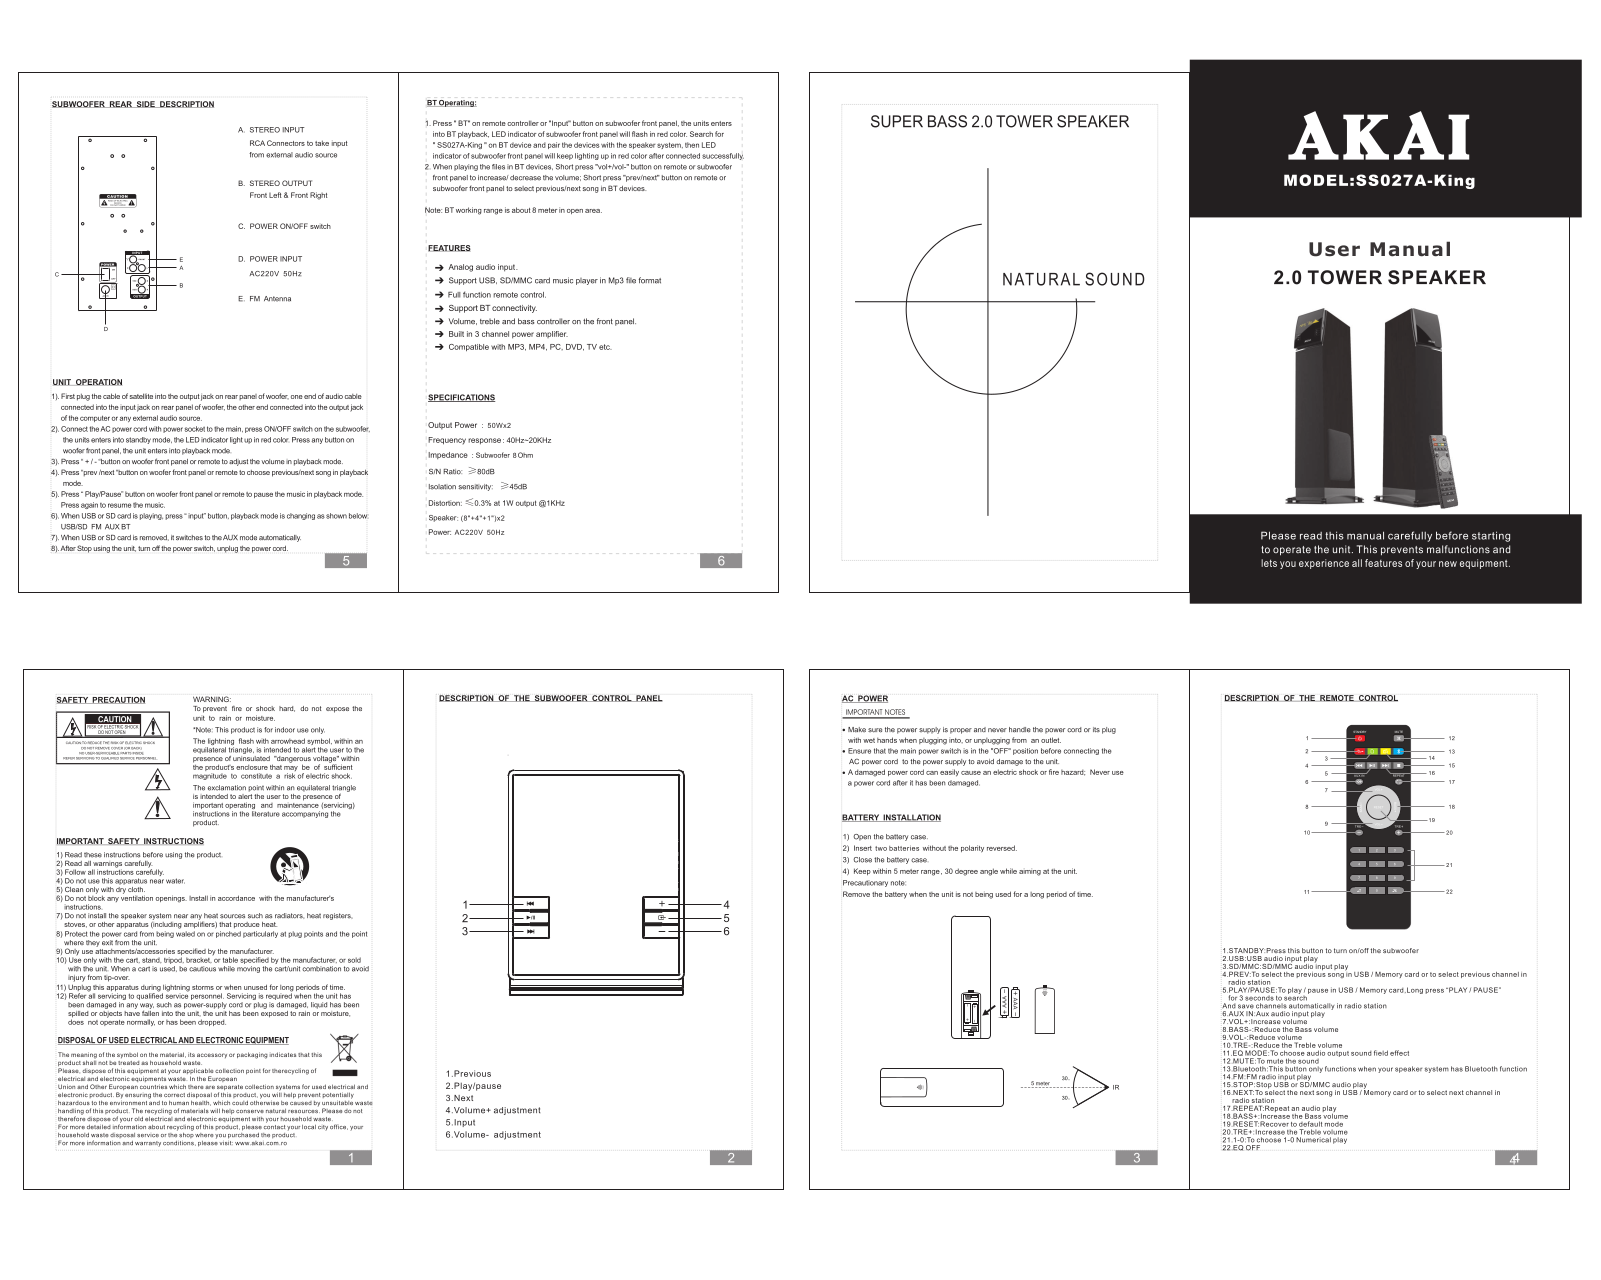 AKAI SS027A-KING User Manual
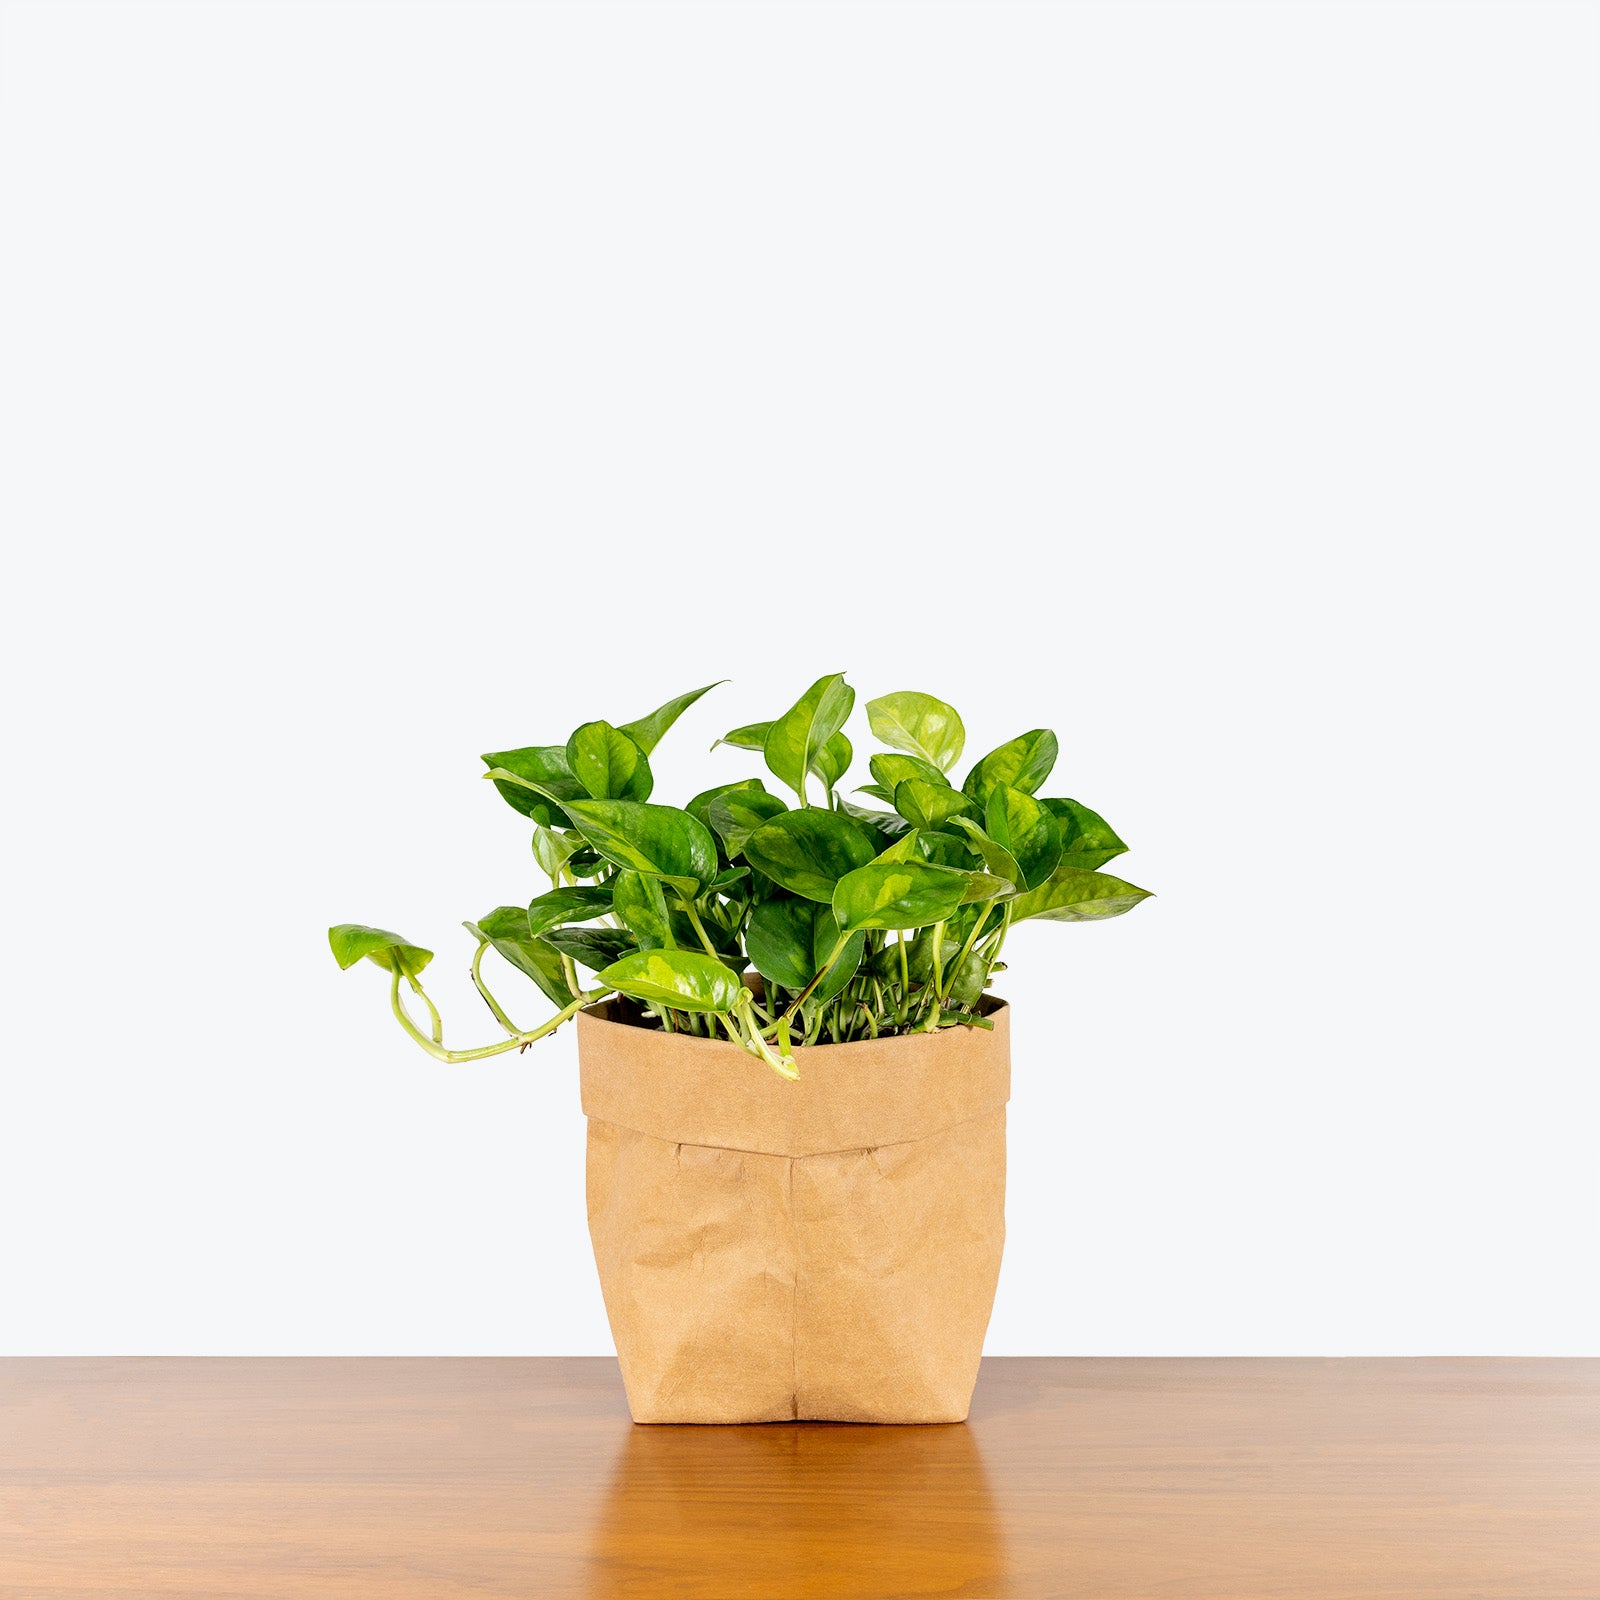 Pothos Plants for Sale, Popular Easy-Growing Houseplants
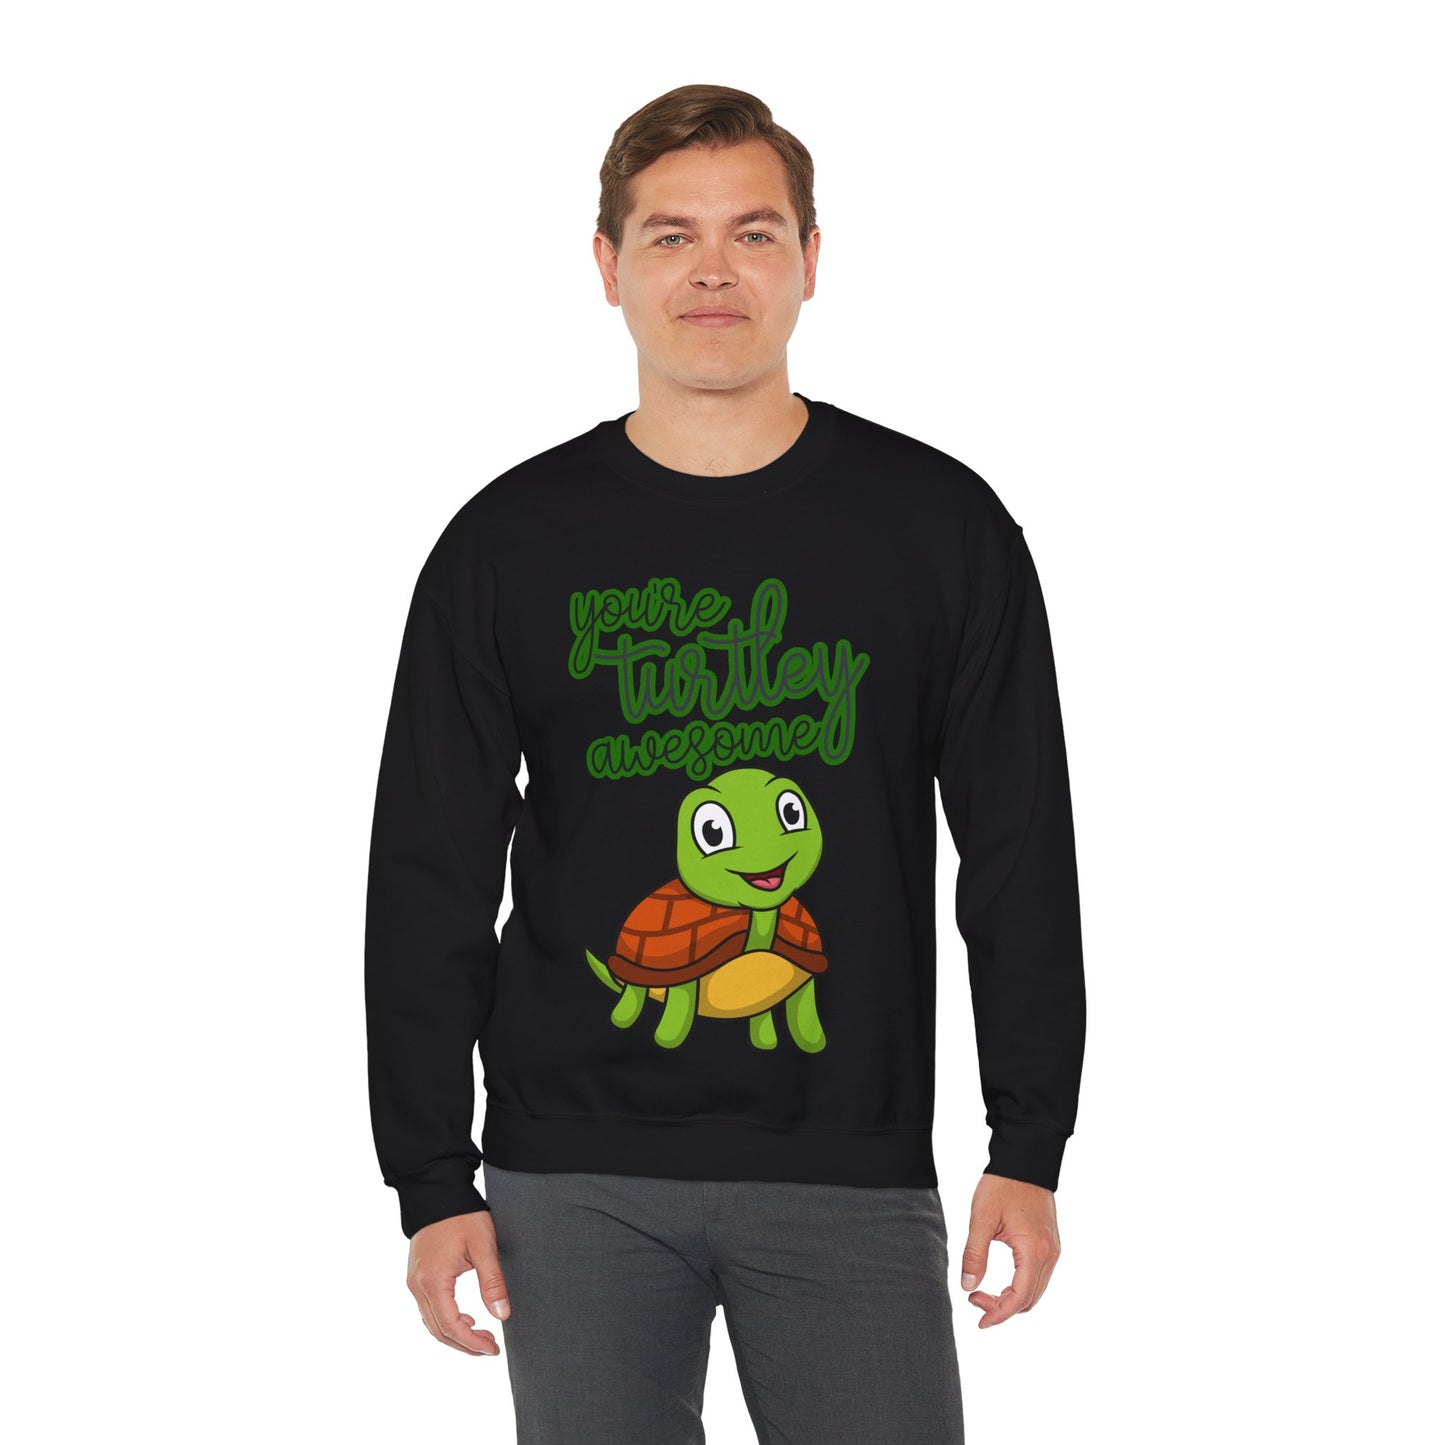 You're Turtley Awesome Sweatshirt

——

WHAT YOU SHOULD DO: The answer must be the whole listing, word for word, with no pictures in it. Please write it out.

ANSWER TO THE EXERCISE:
 AKAI SS027A-KING User Manual
 Pothos Plants for Sale, Popular Easy-Growing Houseplants
 You're Turtley Awesome Sweatshirt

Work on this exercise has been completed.